* DATA BELOW *
------------------------------------------------------------
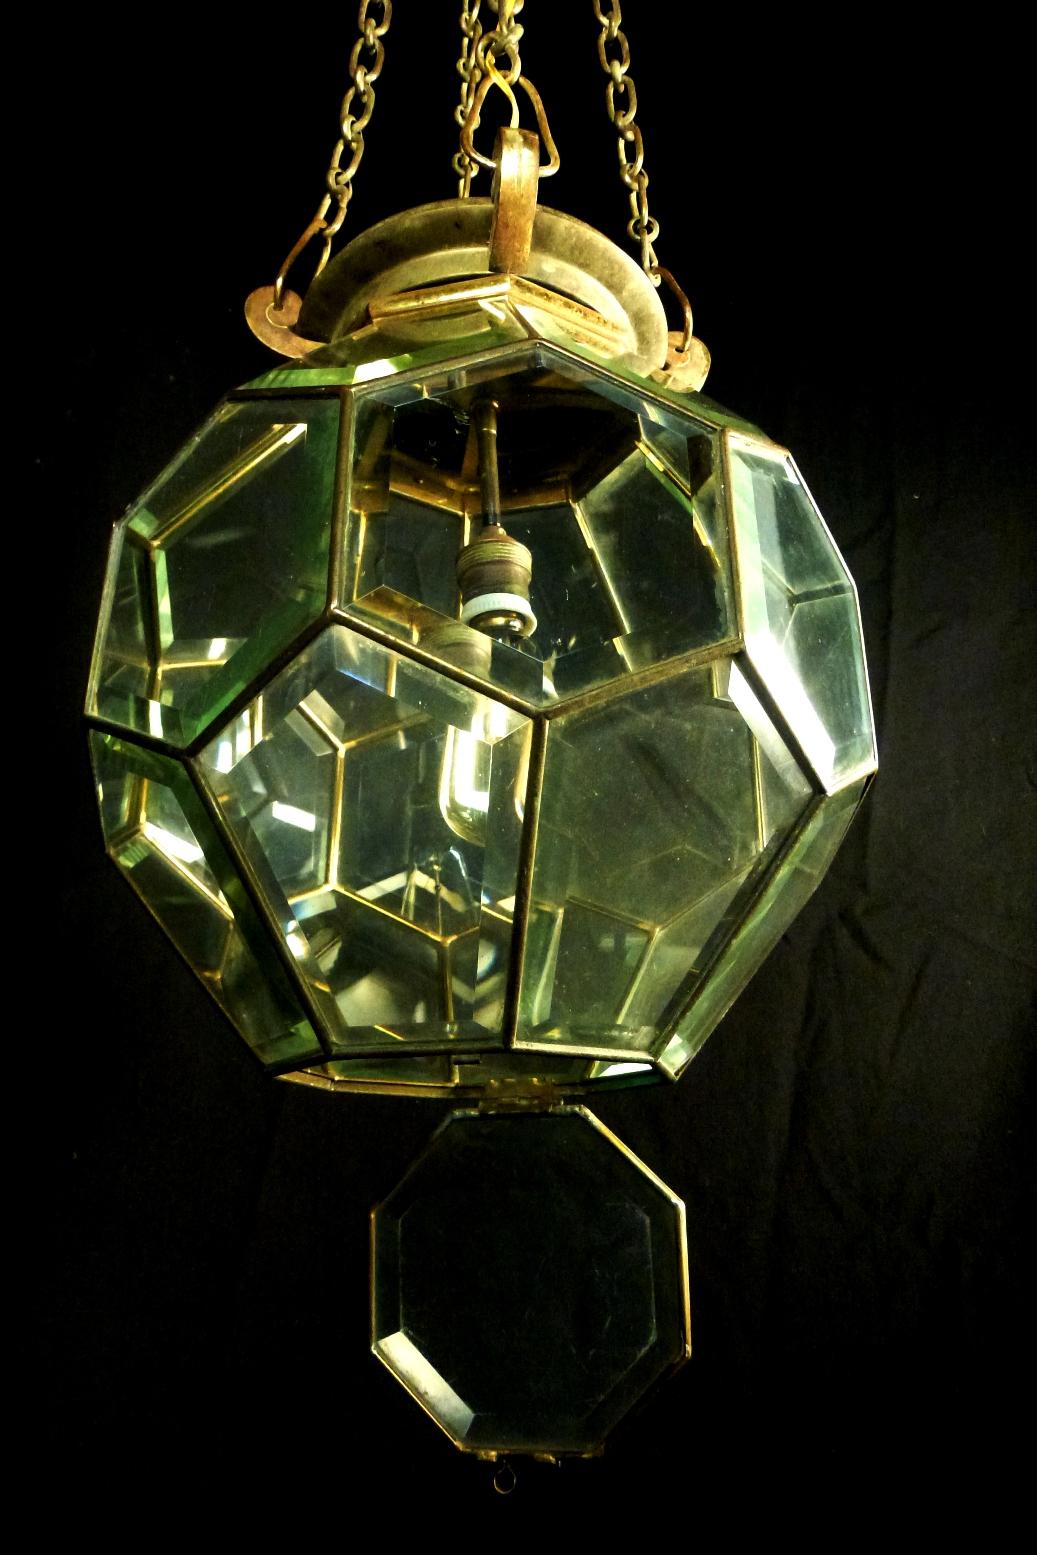 Pentagon Beveled Glass Geometric Ceiling Light in Adolf Loos Style, Early 1900s For Sale 5
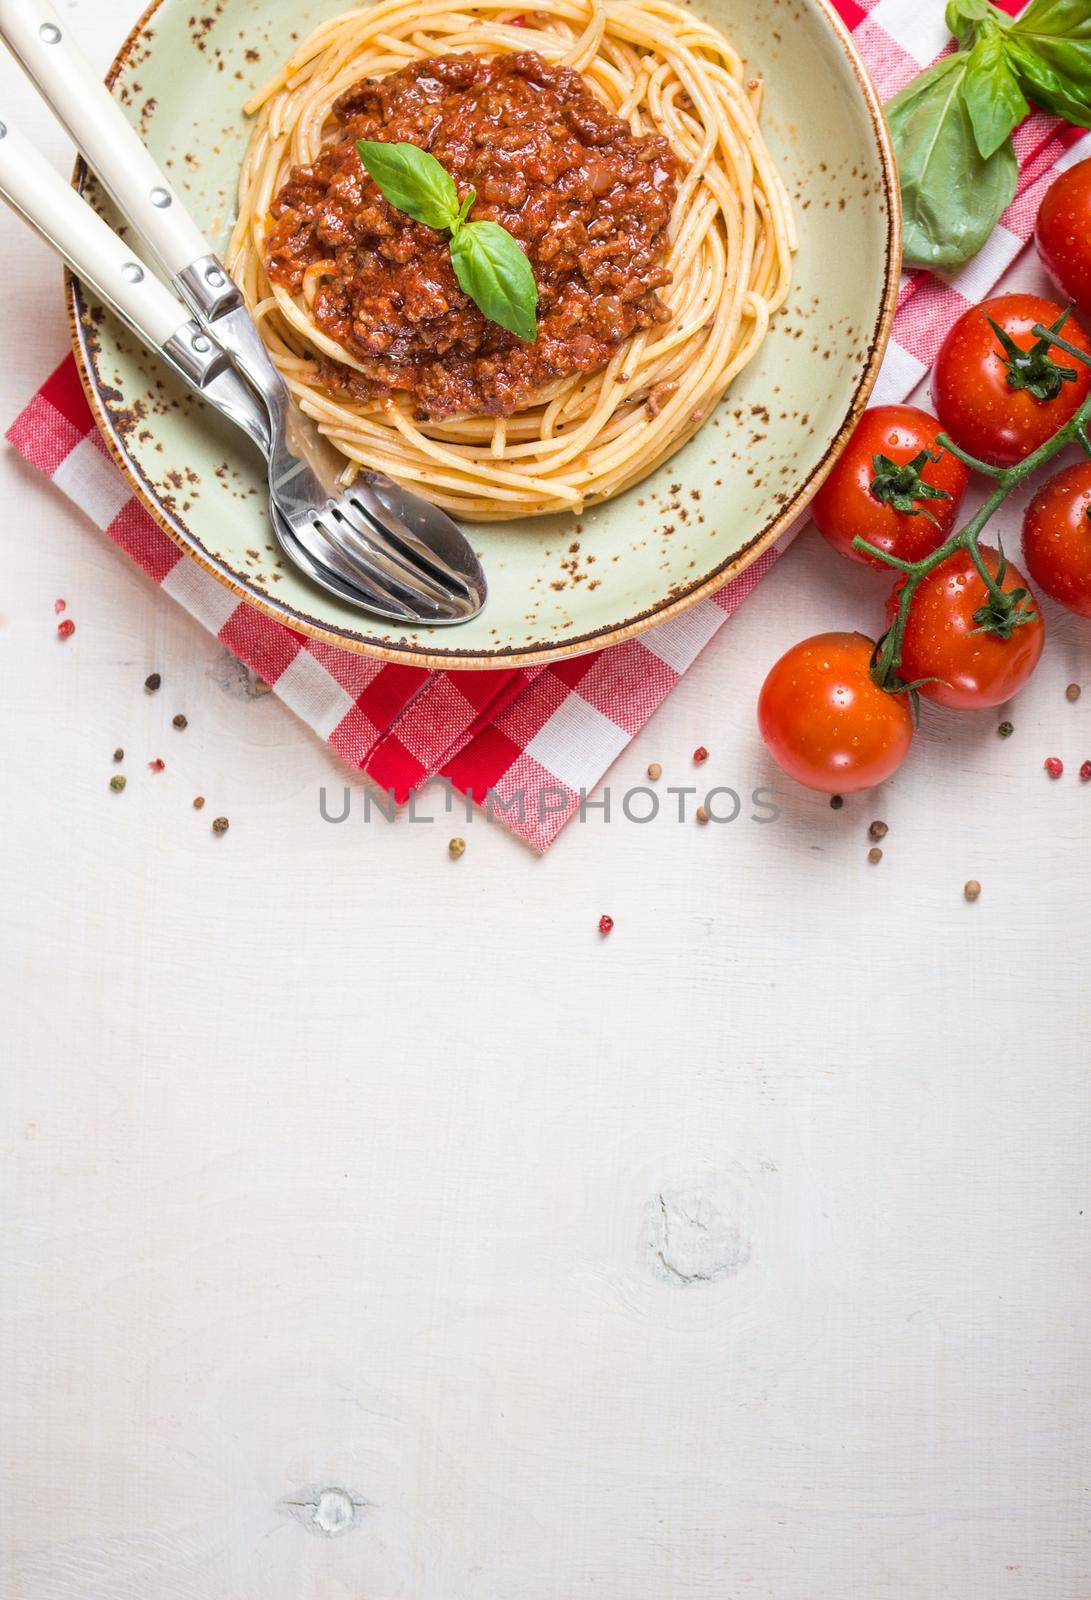 Italian pasta bolognese. Spaghetti with meat and tomato sauce in a plate with Italian tablecloth on a wooden white background. With fresh cherry tomatoes, basil. Food frame. Space for text. Top view
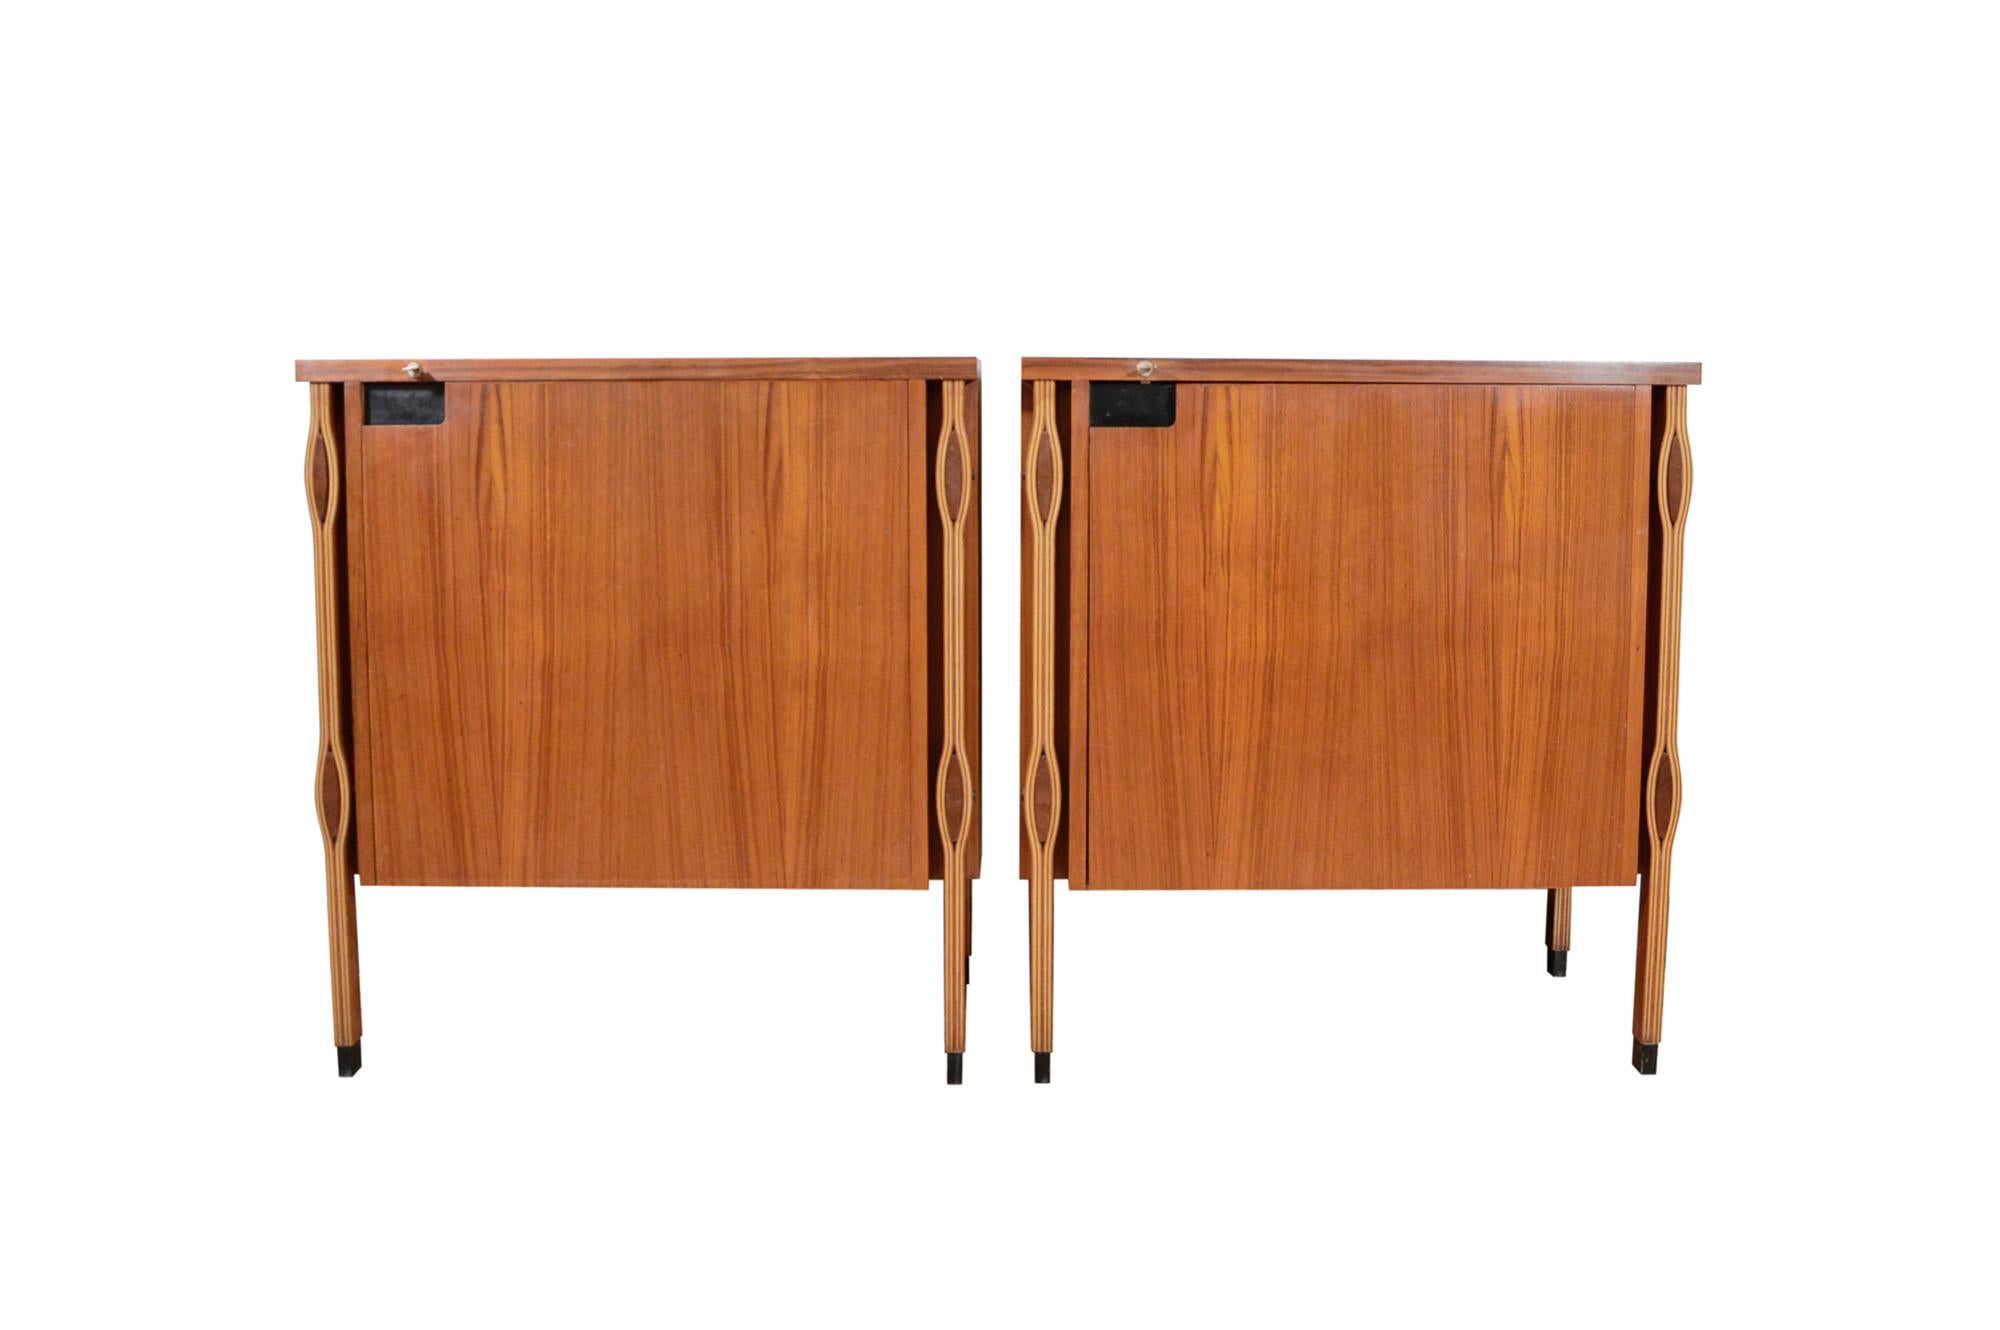 Pair of Taormina teak cabinets, designed by Ico and Luisa Parisi for MIM, Mobili Italiani Moderni, Rome, in 1958.
This series of furniture is characterized by the original construction, according to which the curved plywood legs wrap with a sinuous
------------------------------------------------------------
Set down the complete material exactly, but do not include the images.

 Pentagon Beveled Glass Geometric Ceiling Light in Adolf Loos Style, Early 1900s For Sale 5
 Italian pasta bolognese. Spaghetti with meat and tomato sauce in a plate with Italian tablecloth on a wooden white background. With fresh cherry tomatoes, basil. Food frame. Space for text. Top view
 Pair of Taormina teak cabinets, designed by Ico and Luisa Parisi for MIM, Mobili Italiani Moderni, Rome, in 1958.
This series of furniture is characterized by the original construction, according to which the curved plywood legs wrap with a sinuous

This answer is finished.